Sunday 13 April 2008

One Virgin Too Many - Lindsey Davis

What did the Romans ever do for us? Apart from the roads, the aqueducts and decreasing the population of ancient Britain they provided historical fodder for Lindsey Davis’s popular detective novels about Marcus Didius Falco. Falco scrapes a living as a private informer in Rome under the Emperor Vespasian. Vespasian is probably my favourite emperor because he was in charge of the 2nd Legion (stationed in Exeter, you know) and marched around the west country, um... killing my ancestors. I think this gives us a connection.

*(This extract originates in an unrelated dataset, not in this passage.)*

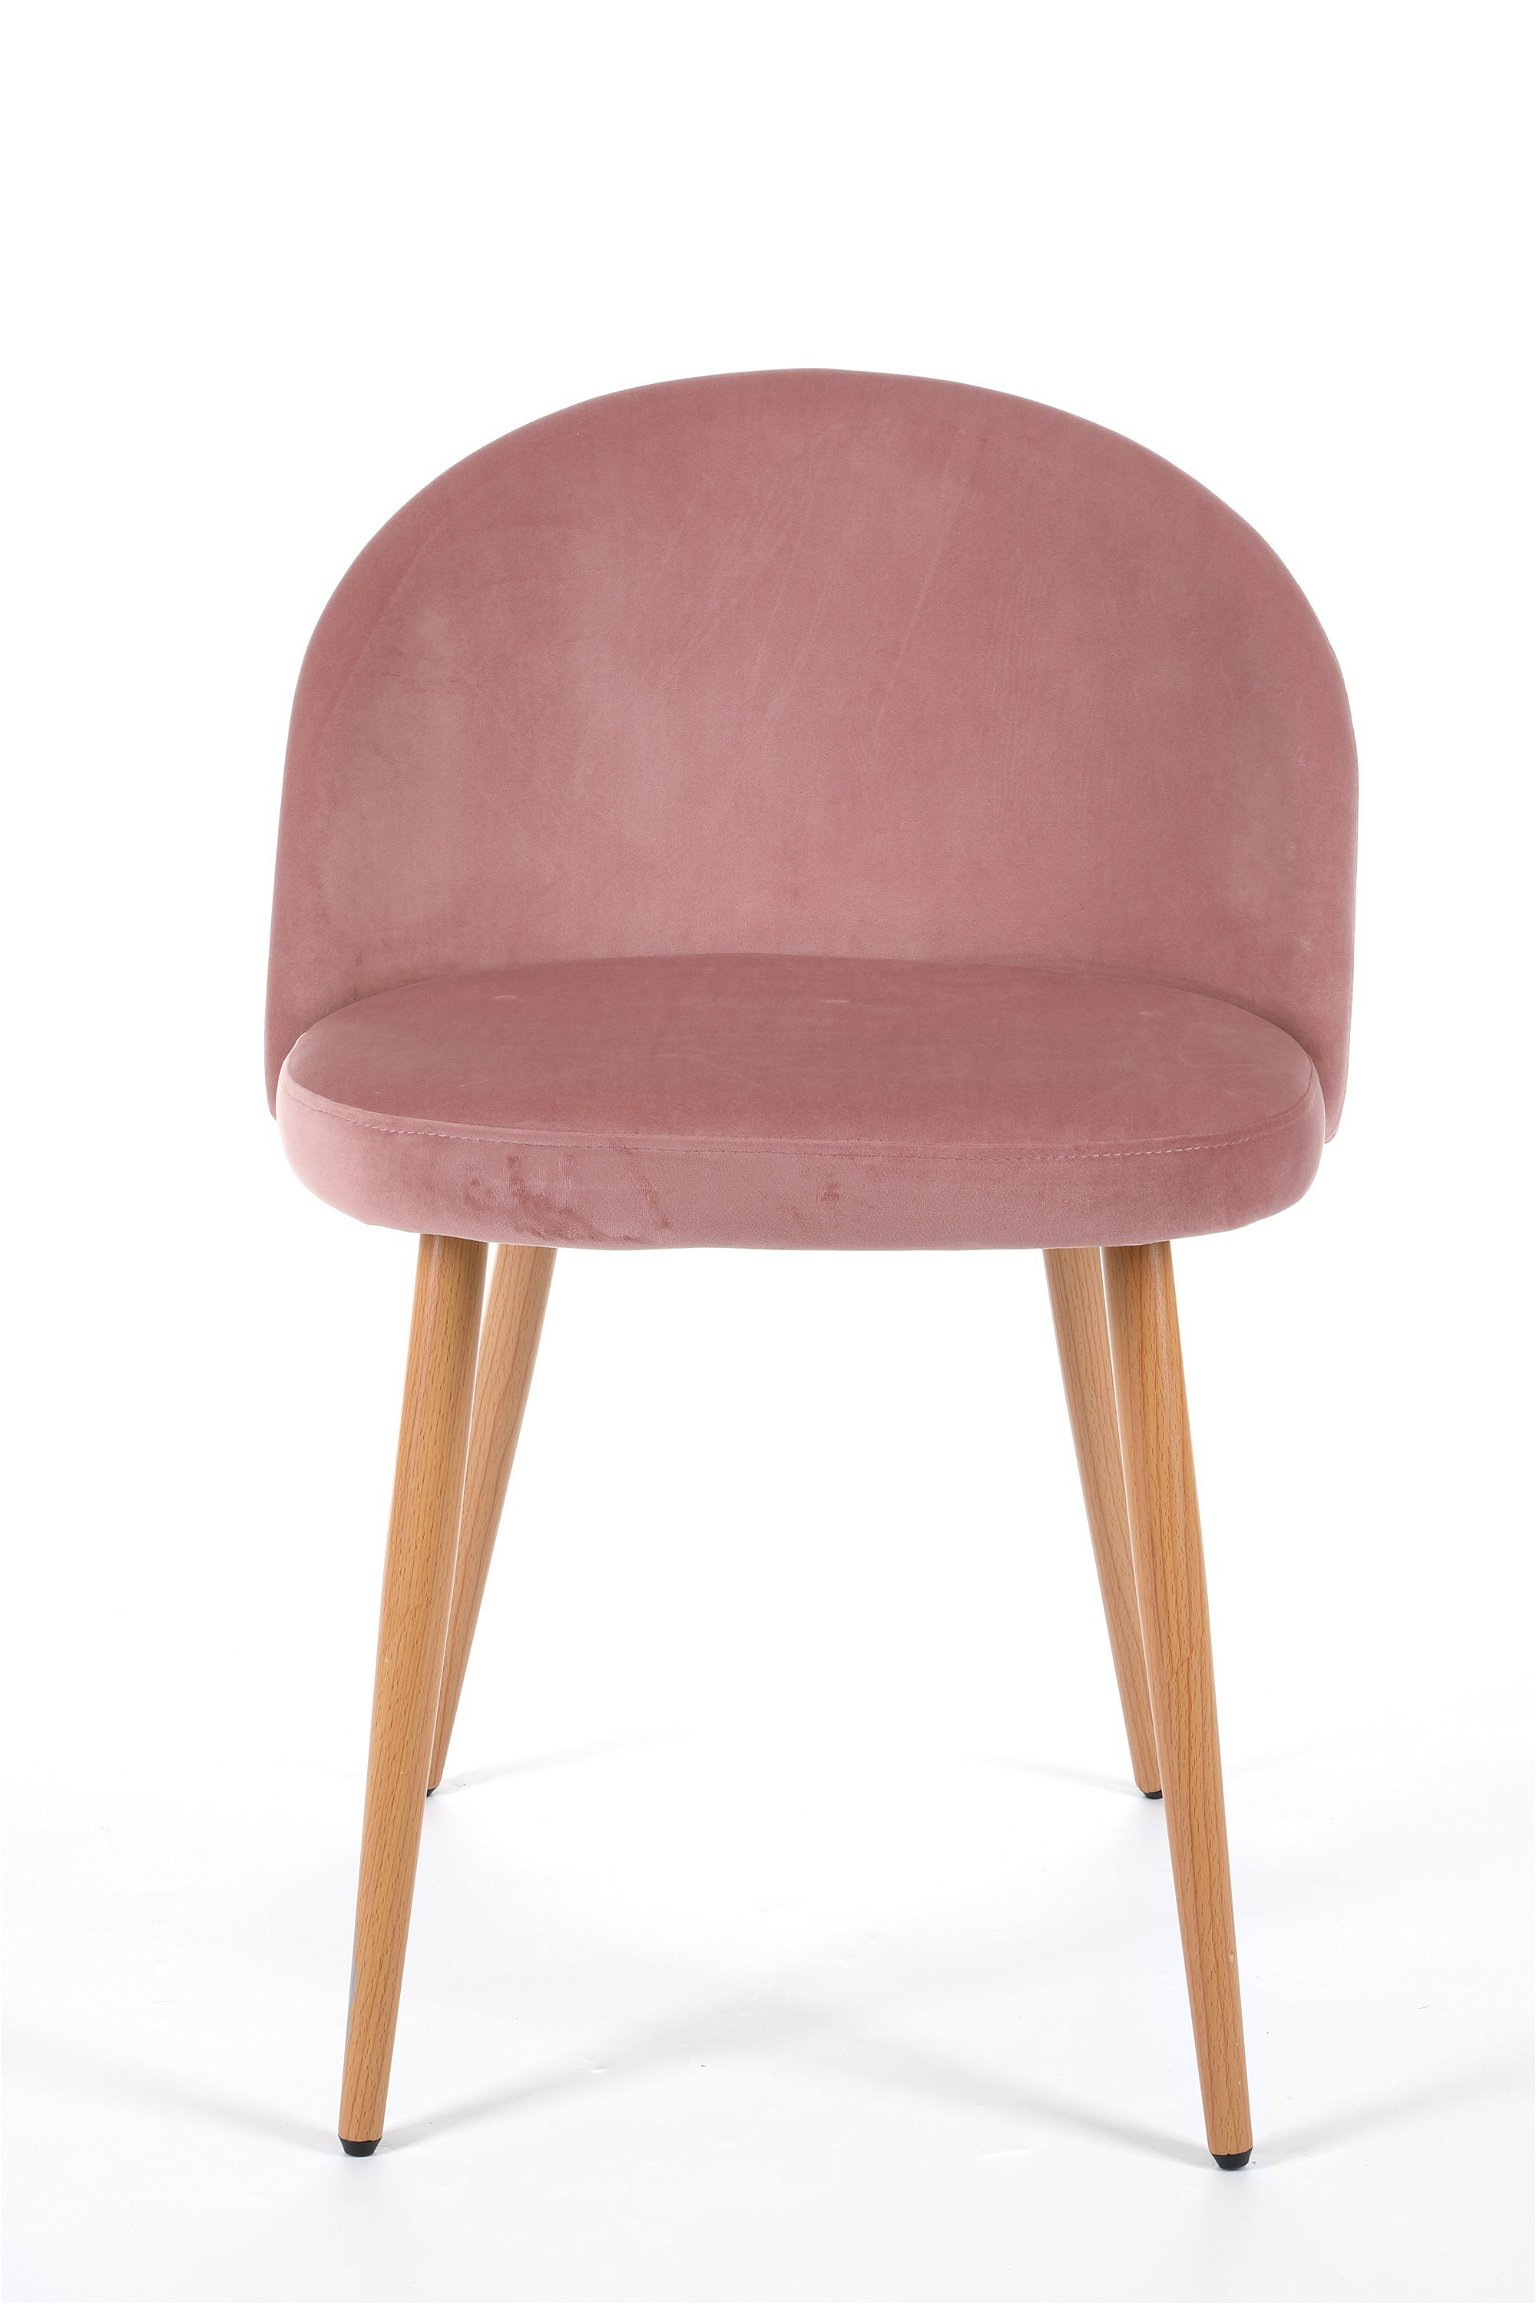 4-rių kėdžių komplektas SJ.075, rožinis - 5

Like American detectives of the 1950s, Falco gives us a first person narrative of his investigations. He’s an ex-legionary whose tour of duty to Britain (cold, rainy and full of violent, woad-spattered ancestors of the bookclubofone) lurks in his backstory in much the same way that ‘Nam or WW2 do for tough-guy American detectives. This is where Falco’s macho credentials end though. As a good Italian boy, he has an extended family including a domineering mother, spirited girlfriend and slightly bullying sisters to keep him in line. This tends to be what keeps this series in the “cozy mysteries” category. Unlike more morally dubious detectives (like Aurelio Zen, for example ) there is never any doubt that Falco will do the right thing in the end; if he didn’t his female relatives would hound him to the ends of the earth.


In this the 11th book in the series, Falco gets a visit from a six year-old child from one of Rome's foremost families who insists that one of her relatives wants to kill her. Unfortunately, he's in no mood for precocious children, having just come back from telling his favourite sister that her ne'er-do-well husband has been thrown to the lions in Tripoli during the 10th book. Alas, he sends the kiddie packing, only for her to go missing a couple of days later. In the meantime, his girlfriend's layabout brother is trying to get into a religious cult called the Arval Brothers (who sound like Animal House for grown up Romans). He gets blackballed... and then trips over a murdered body while leaving the feast in a big strop, so Falco has two mysteries to solve.


If you are already a fan of the series, well read on as this is much the same as the last couple. If you've never read any of these books, my advice would be to start with The Silver Pigs. That is the first book and I found it much edgier and more suspenseful than most of the others. And Exeter features briefly!